## [Exercise]
Please copy out the full listing that follows exactly; no picture belongs in the copy.

Start of Supplied material

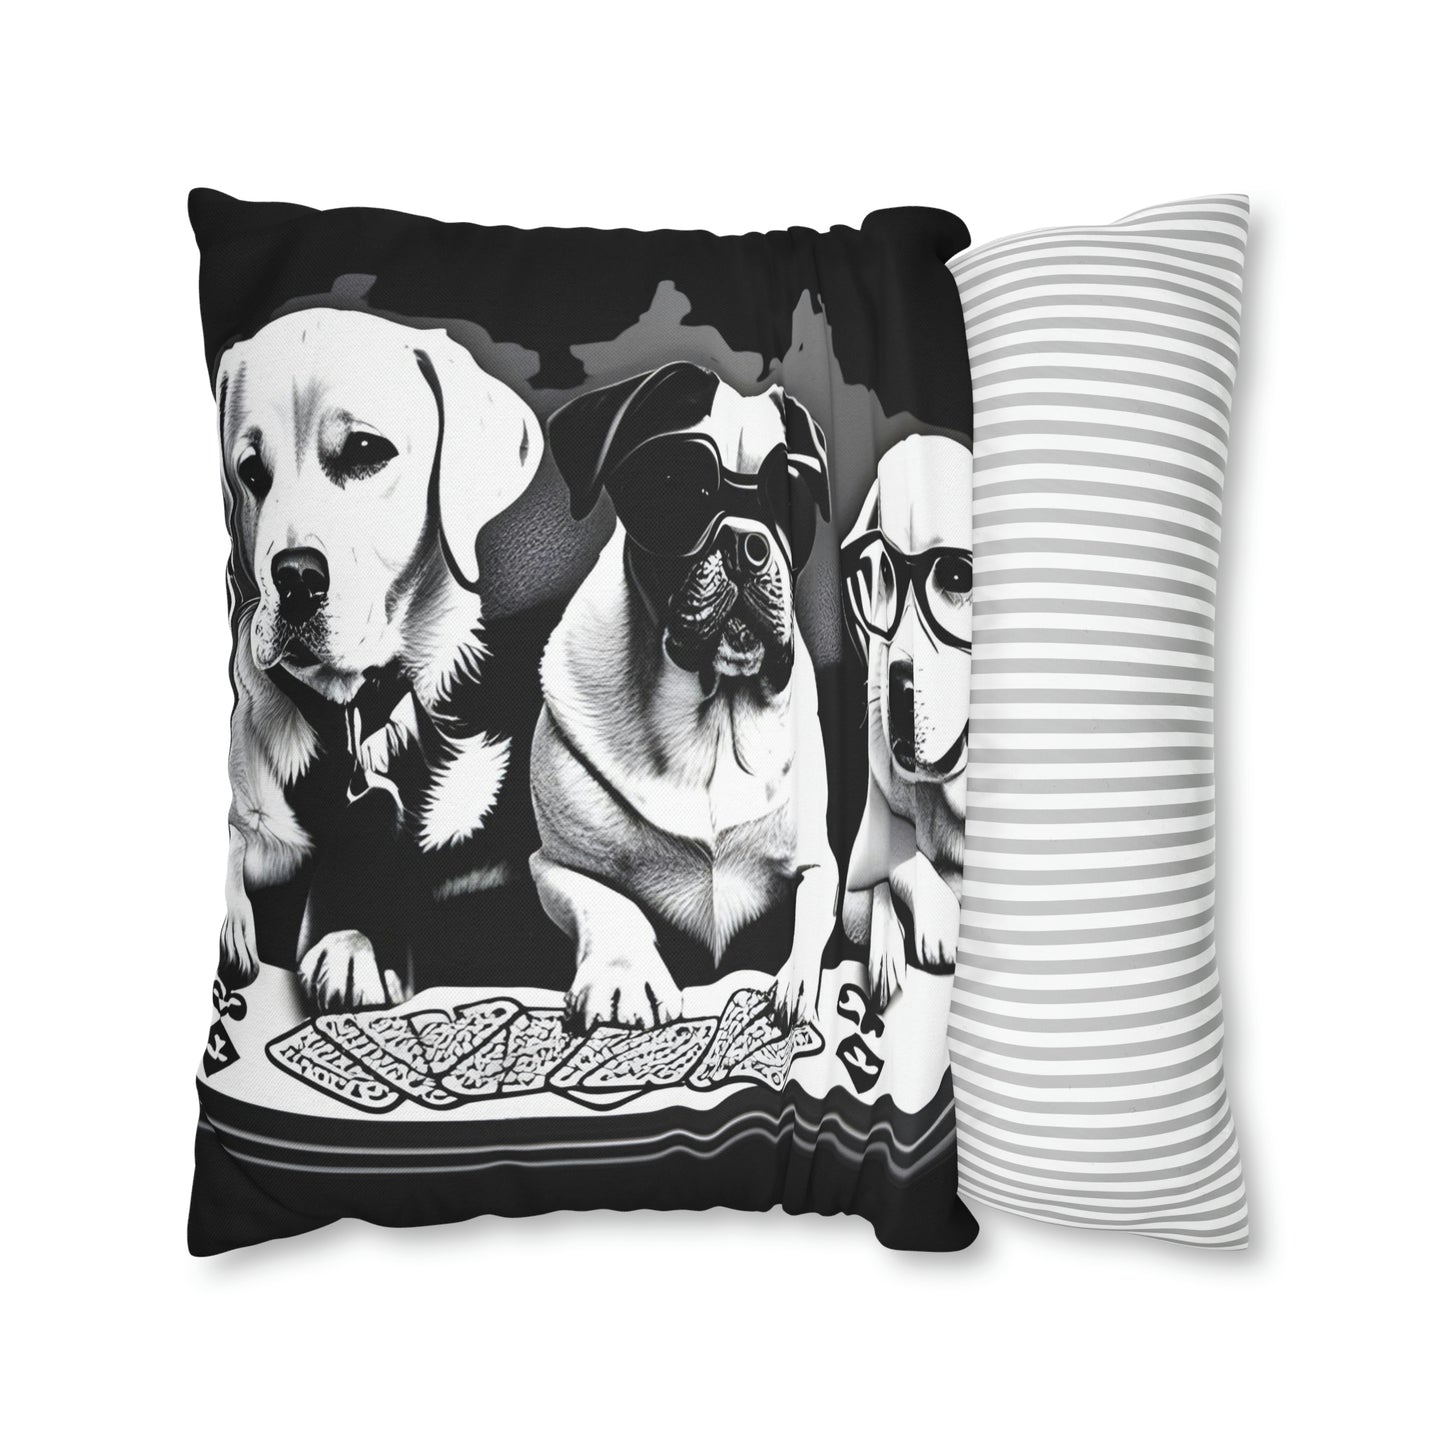 Black Scripture Spun Polyester Square Pillow | Spun Polyester Square Pillow Case | Dogs Playing card | Dog Décor pillow
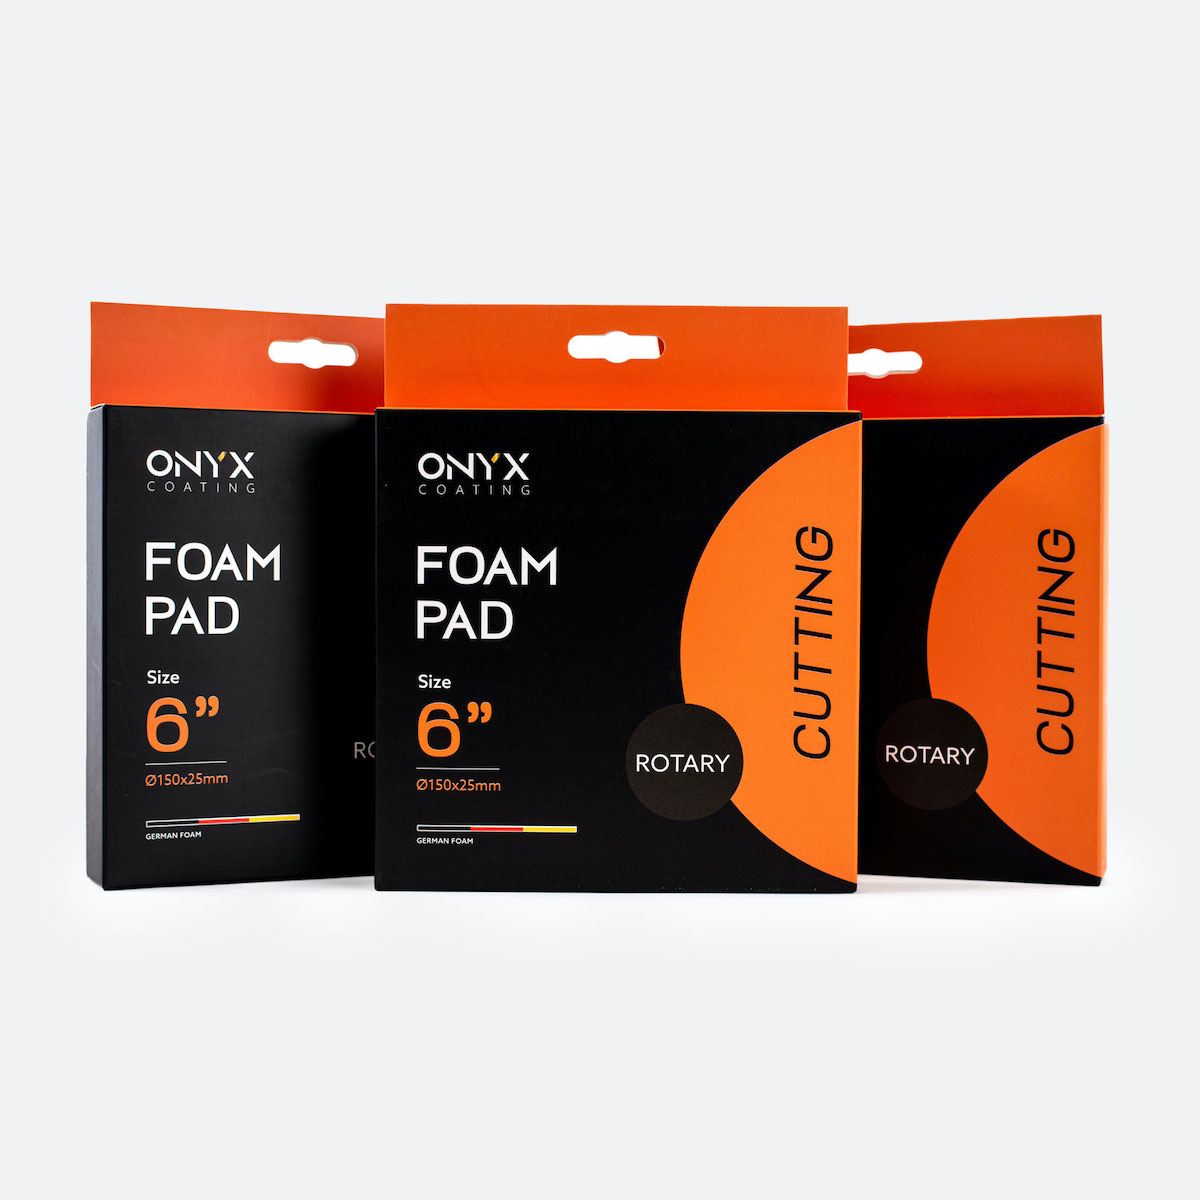 Cutting Orange Pad - DA - Onyx Coating
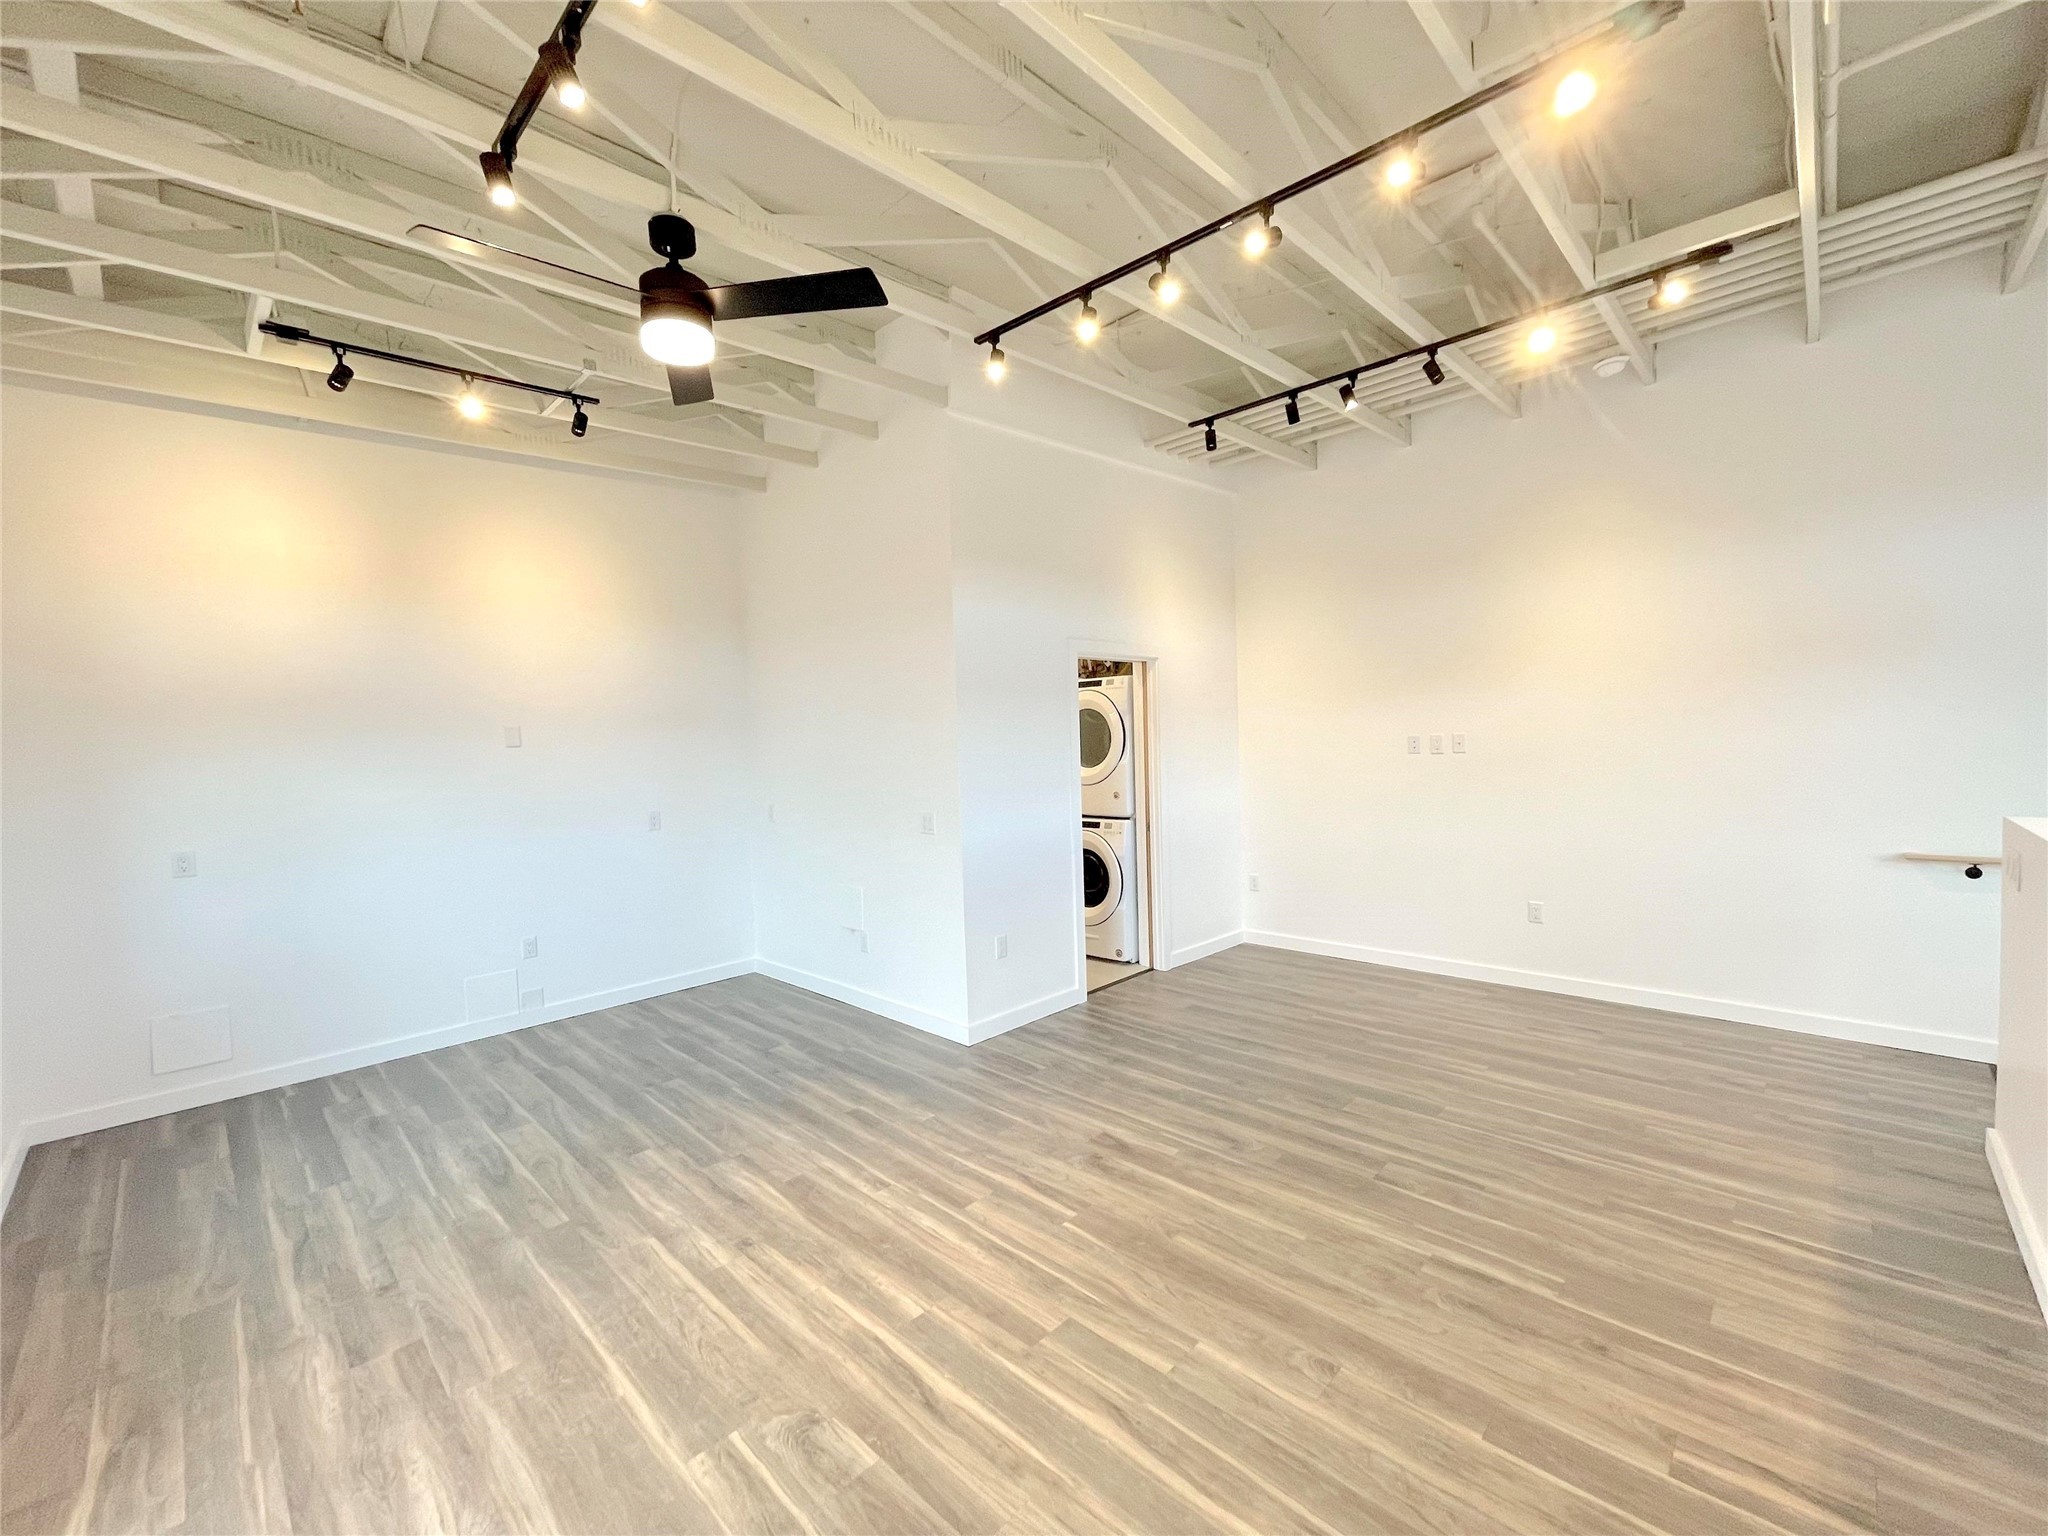 Second Level - Open Studio Space

End of Supplied material

## [Result of the task]
 Black Scripture Spun Polyester Square Pillow | Spun Polyester Square Pillow Case | Dogs Playing card | Dog Décor pillow
 Cutting Orange Pad - DA - Onyx Coating
 Second Level - Open Studio Space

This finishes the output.